プロローグ

女の子に怪我ないように受け止めると俺の唇に何か柔らかいものが……


俺は目を開くと受け止めたものは良いもの見ず知らず女の子とキスしてしまった……


「え?……」


女の子も、この状況に気付いたのだろうが勢いよく起き上がり、みるみる顔が茹でタコの様に真っ赤になり涙目になりながら自分の手で唇を抑える様な仕草をした。


「あ、あの……なんかゴメンなさい。」


色々と頭が錯乱していて、やっと言えたセリフがコレしかなかった。危うく『可愛い、女の子とキスしちゃったグヘヘ』って言うところだったが何とか抑え込んだ。


すると女の子はふるふると身体が震え始める。


そりゃそうだ。見ず知らずの男子にキスしちまったんだから。それに年頃の女の子何だから、もしかしたらコレがファーストキスだったかもしれない……


もし、ファーストキスだったら、どう責任取れば良いんだ?俺もファーストキスだったけどさ。


「あの……貴方の血が欲しい。」


え?何?何を言ってるの?血?俺の血が欲しいって?俺なに?可愛い女の子にキスしたら身体をズタズタに引き裂かれて血を引き抜かれるの?遠回しに殺すってこと?
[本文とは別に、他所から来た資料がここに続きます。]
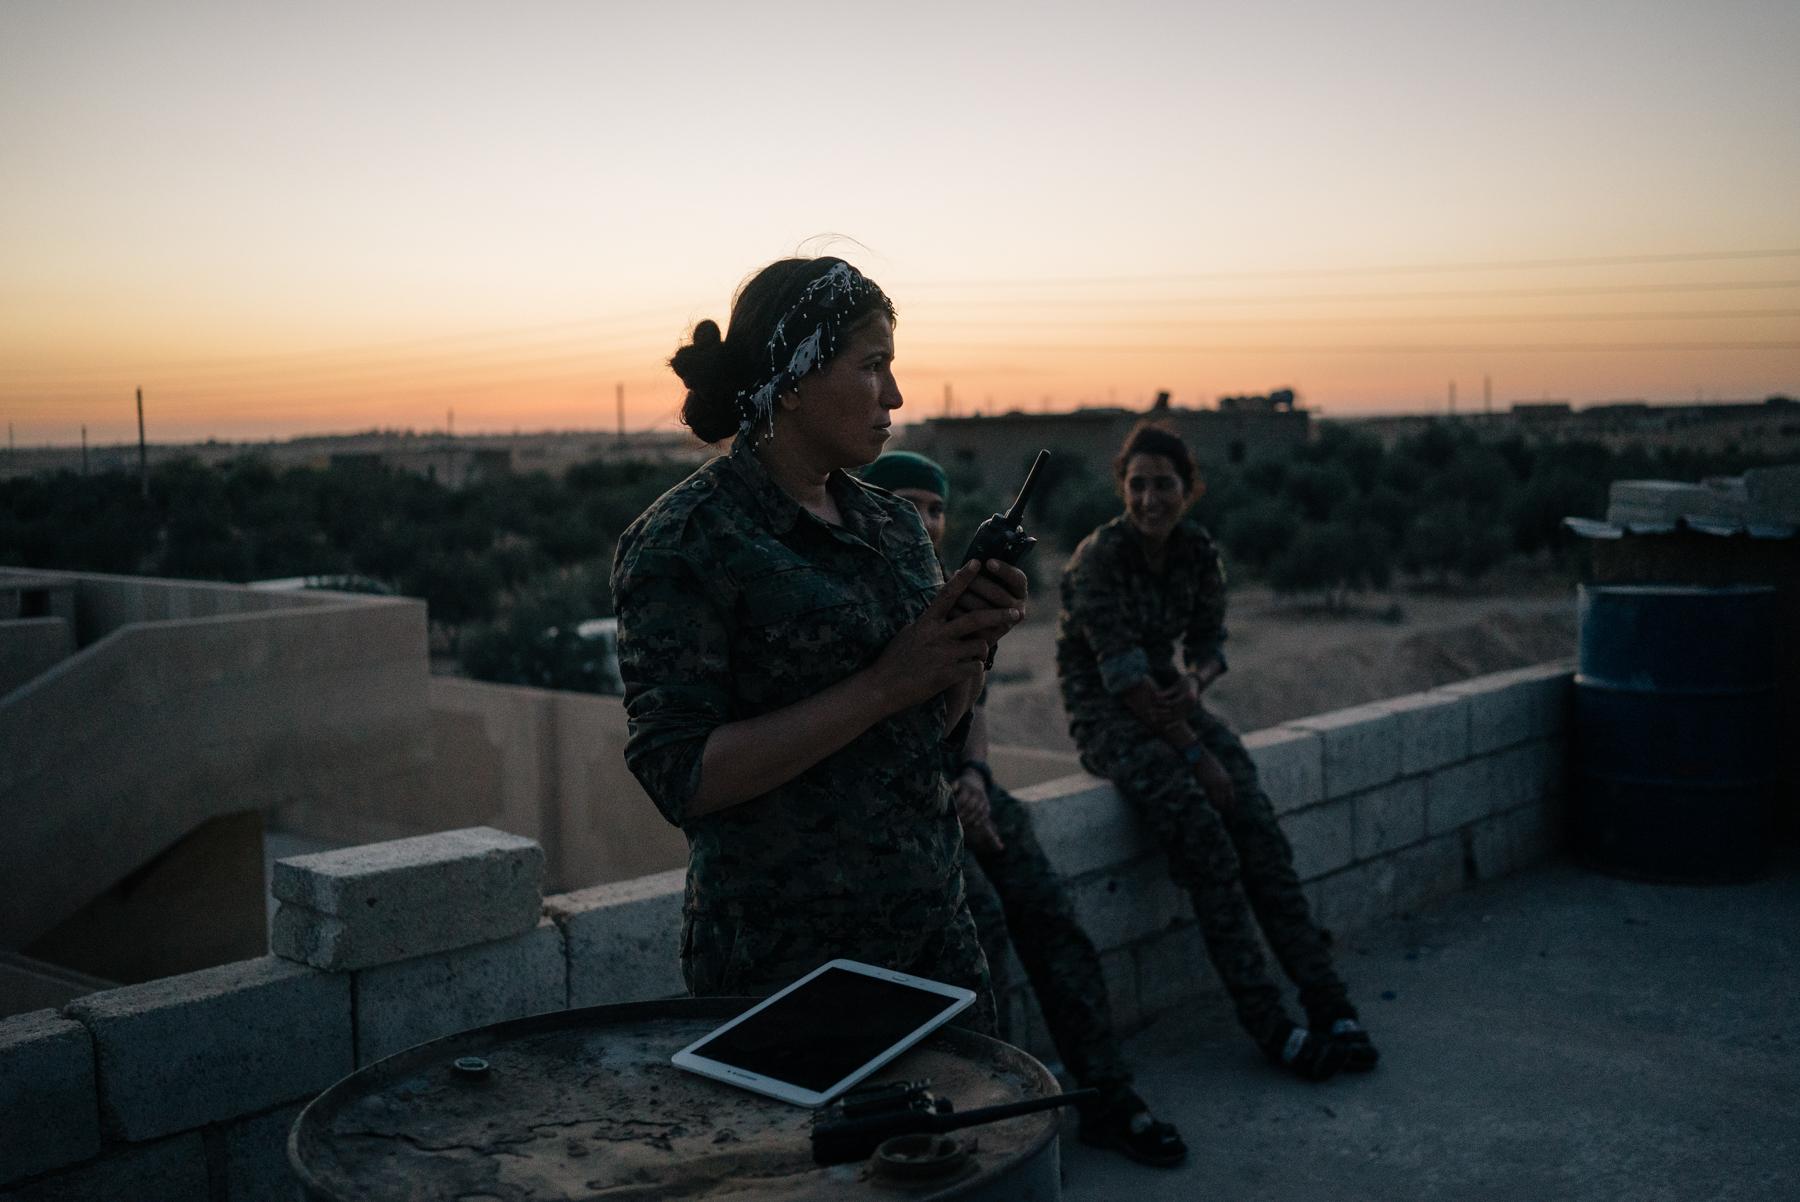 raqqa-washington-post-07808.jpg

彼女の発言に俺は頭がパニクり更に思考回路はショート寸前♪ってやかましいわ!とにかくグロテスクな発想しか浮かばない。


彼女はゆっくりと近づくとブレザーを脱ぎ、リボンを外してワイシャツのボタンを一つ、また一つと外すと豊満なバストの谷間をさらけ出す。


いや、この光景はマズイ。だいぶマズイ。絵的にマズイ。コレはあれかな?なんのドッキリかな?見ず知らずの思春期真っ盛りの俺に服を脱いで近づいてくのは彼女はアレかな?大人のヴィデオに出てくる人なのかな?


そんな考えを無視するかの様に彼女は身体が火照ってるのか息を荒くしながら近付いて俺に抱き付いてきて耳元でそっと優しく囁く。


「大丈夫。痛いのは、ほんの一瞬だから……」


いや、それは俺が将来もっと大人になった時に言いたいベストスリーの1つ……



ガブッ……


「チュゥゥウウッ!」


首に何か一瞬だけ突き刺さったような感覚だがその後は痛みはなく吸われているような感覚。なんだコレ?


「はぁ!美味しかった!朝ご飯食べないできたからお腹ペコペコだったし有難うね!血もサラサラで甘過ぎないのに独特の深みのある血だったよ!って!危ない危ない!受験に遅刻しちゃう!」


彼女は何事もなかったように自転車を持ちながら走り去ると何処かへ行ってしまった。俺はスマホの時計を見ると学校の集合時間まであと10分をきっていた事に気付く。


「やべっ!遅刻しちまう!……アレ?」


立ち上がった瞬間にめまいがしてきたけど、直ぐに治り気合いで走って、どうにか御伽学園に到着する。何故だかフラフラになりながら。


取り敢えず席に着くと学校の先生が教室に出でくると受験内容を説明。


「では、皆さん。緊張せずに面接して下さ~い。取り敢えず形式上は携帯の電源は切っといて下さいね~。面接が終わっても教室に残っているようにしてくださ~い。あと待っている間は静かにしているように~。」


なんだか眼鏡を掛けたオットリとした感じの女の先生。なんか物凄い色気を感じる。決して邪な気持ちはないからな?


次々と一人一人が呼ばれて行く。面接は一人一人でやっていくようだな。それにしても色んな生徒がいるよな。大人しそうな奴とか派手な奴とか明らかに不良みたいな奴とか真面目そうな奴。


すると何気なく前の席を見ていると、さっき自転車でぶつかった女の子を発見。あの娘も御伽学園に受験しているんだな。って事は俺と同い年なんだな。


さっきは色々と驚いて気がつかなったけど可愛いんだな。色白で目がパッチリしていて身長は高めで痩せ過ぎず太過ぎずの身体のラインだけど胸はそれなりにある。


すると女の子は俺に気付いたのか後ろを振り向いて無邪気な笑顔で手を振る。


だけど俺は恥ずかしさでソッポ向いてしまう。


あの笑顔……反則じゃね?


俺あんな可愛い女の子とキスしちまったんだよなぁ……


「受験番号69 皇一哉君。」


俺は名前を呼ばれたので面接しに行くため立ち上がる。